July is one of the hottest months in Texas, with temperatures soaring into the 100s, leaving Texans to battle the stifling heat. But the seventh month of the year is also the “hottest” for car thieves.
Gary King, East Texas Auto Theft Task Force investigator, said July has proven to be the busiest time for those wanting to steal unsuspecting motorist’s’ vehicles.
“The largest age group arrested for car theft is 15-19 years old. I think it’s because the kids are out of school and have free time on their hands to commit crimes,” he said.
King said that car theft in Texas costs more than any other crime.
Car thefts in 2004 cost Texans $757,670,324 and in the 13 counties covered by the East Texas Auto Task Force the cost was $13,099,112.
Smith and Gregg counties lead the area with a combined total of 964 vehicles stolen in 2004.
“This is a lucrative business and we (auto task forces across the state) are out here trying to recover as many vehicles as we can,” he said. “Car theft is so big in Texas and we all know how expensive cars are today. So it doesn’t surprise me that car theft is the costliest crime in the state.”
The top 10 vehicles stolen in Texas are Chevrolet pickups, Ford pickups, Dodge pickups, Honda Accord, Honda Civic, GMC pickups, Toyota Camry, Ford Taurus, Chevrolet Tahoe and the Oldsmobile Cutlass.
King said although professional car thieves hit the newer model vehicles, the largest number of stolen cars are older models that are not equipped with alarm systems and anti-theft devices.

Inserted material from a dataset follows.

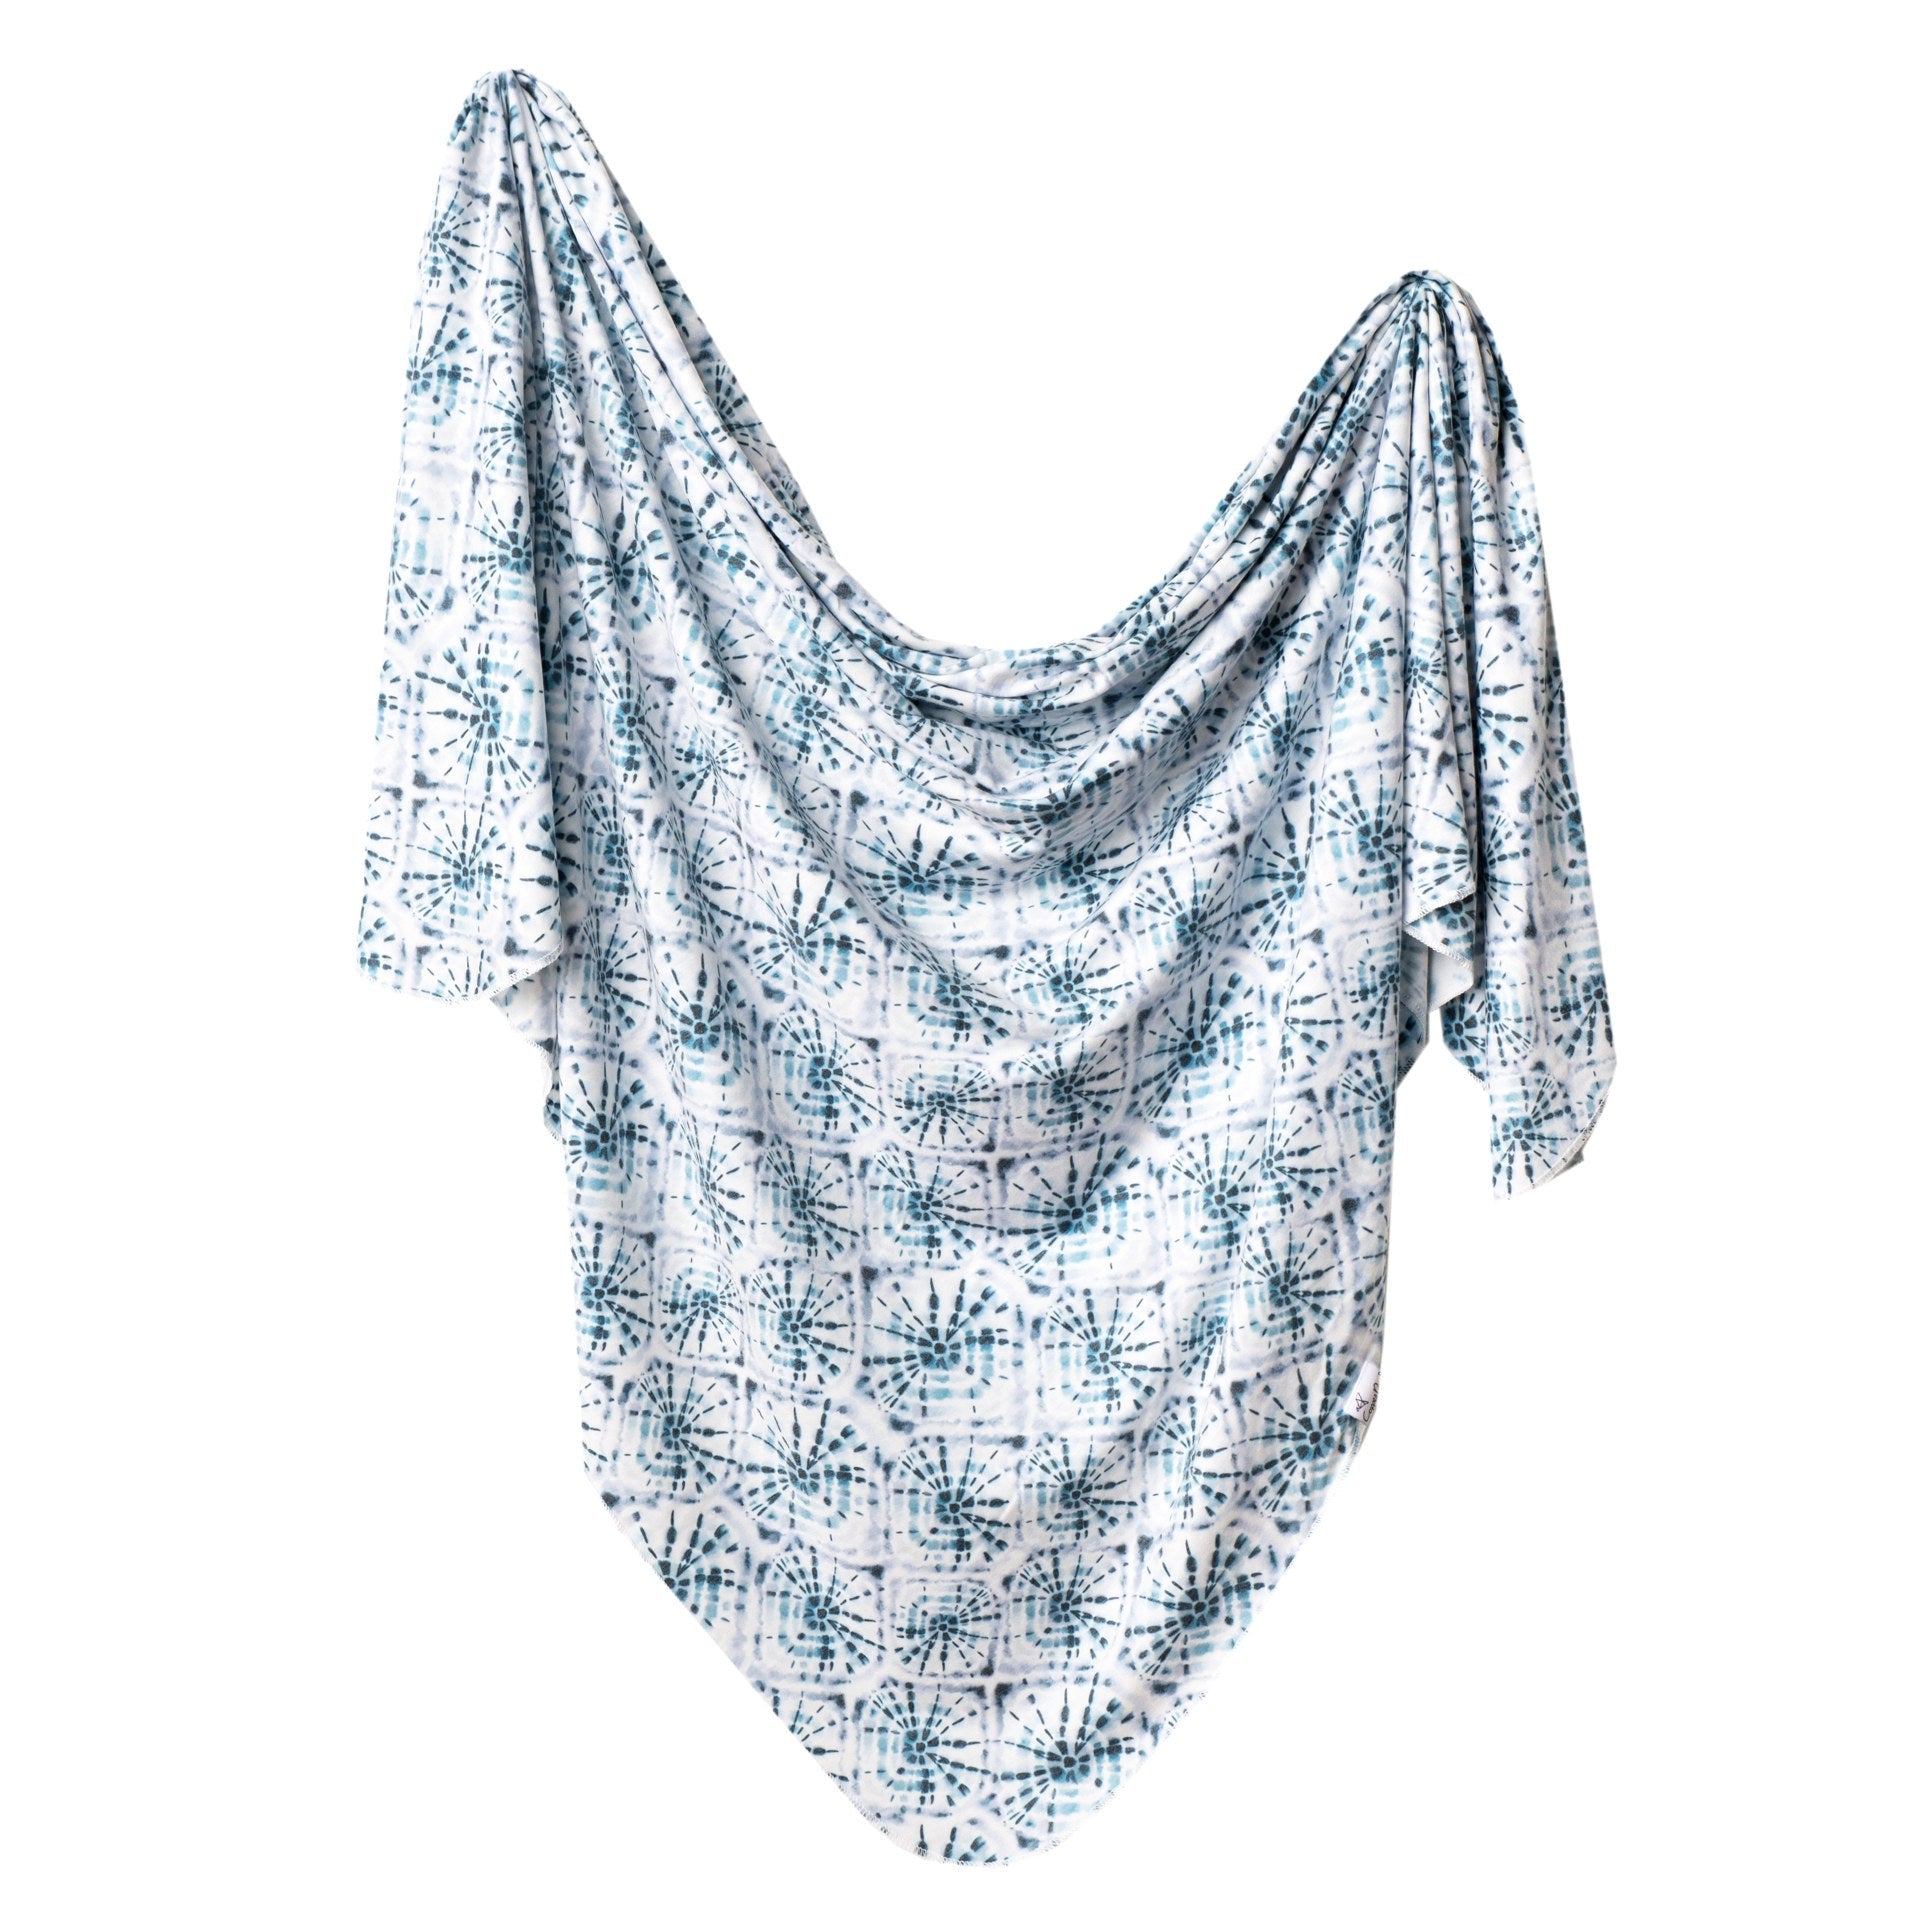 Knit Swaddle Blanket - Indigo

King said vehicle owners can help deter thefts by installing alarm systems or using other anti-theft devices or by registering their vehicle under the Help End Auto Theft (HEAT) program.
The HEAT program allows officers to pull a vehicle over during certain times of the night to check ownership of the vehicle. Most cars are stolen between 1 a.m. and 5 a.m.
Stickers mark the vehicles and during the registration process, which is free, motorists can also have the vehicle identification numbers etched on all the windows.
King said the HEAT program is an effective tool at preventing theft.
“Out of the thousands of vehicles we have registered in the eight years I have been with the task force we have not had one of those vehicles stolen. Thieves, even the joyriders know that the car is registered and can be pulled over to check ownership. The program works,” he said.
King said between 10 and 20 percent of all stolen vehicles turns out to be insurance fraud, where the owner either pays someone to steal and set fire to their vehicle or they do it themselves.
He said some vehicles are targeted for chop shops while others make their way to Mexico or larger cities where they could be stripped and sold for parts or the VIN is changed and the vehicle is resold.
Prime locations for car theft?
King said gas stations and even day care facilities, where unsuspecting mothers are dropping their children off are two of the prime locations because people leave their vehicles running.
“In our task force we recover about 80 percent of all stolen vehicles, but for the other 20 percent of drivers who have their vehicle stolen, they never see it again. People need to lock their cars and use some type of deterrent to prevent theft,” he said.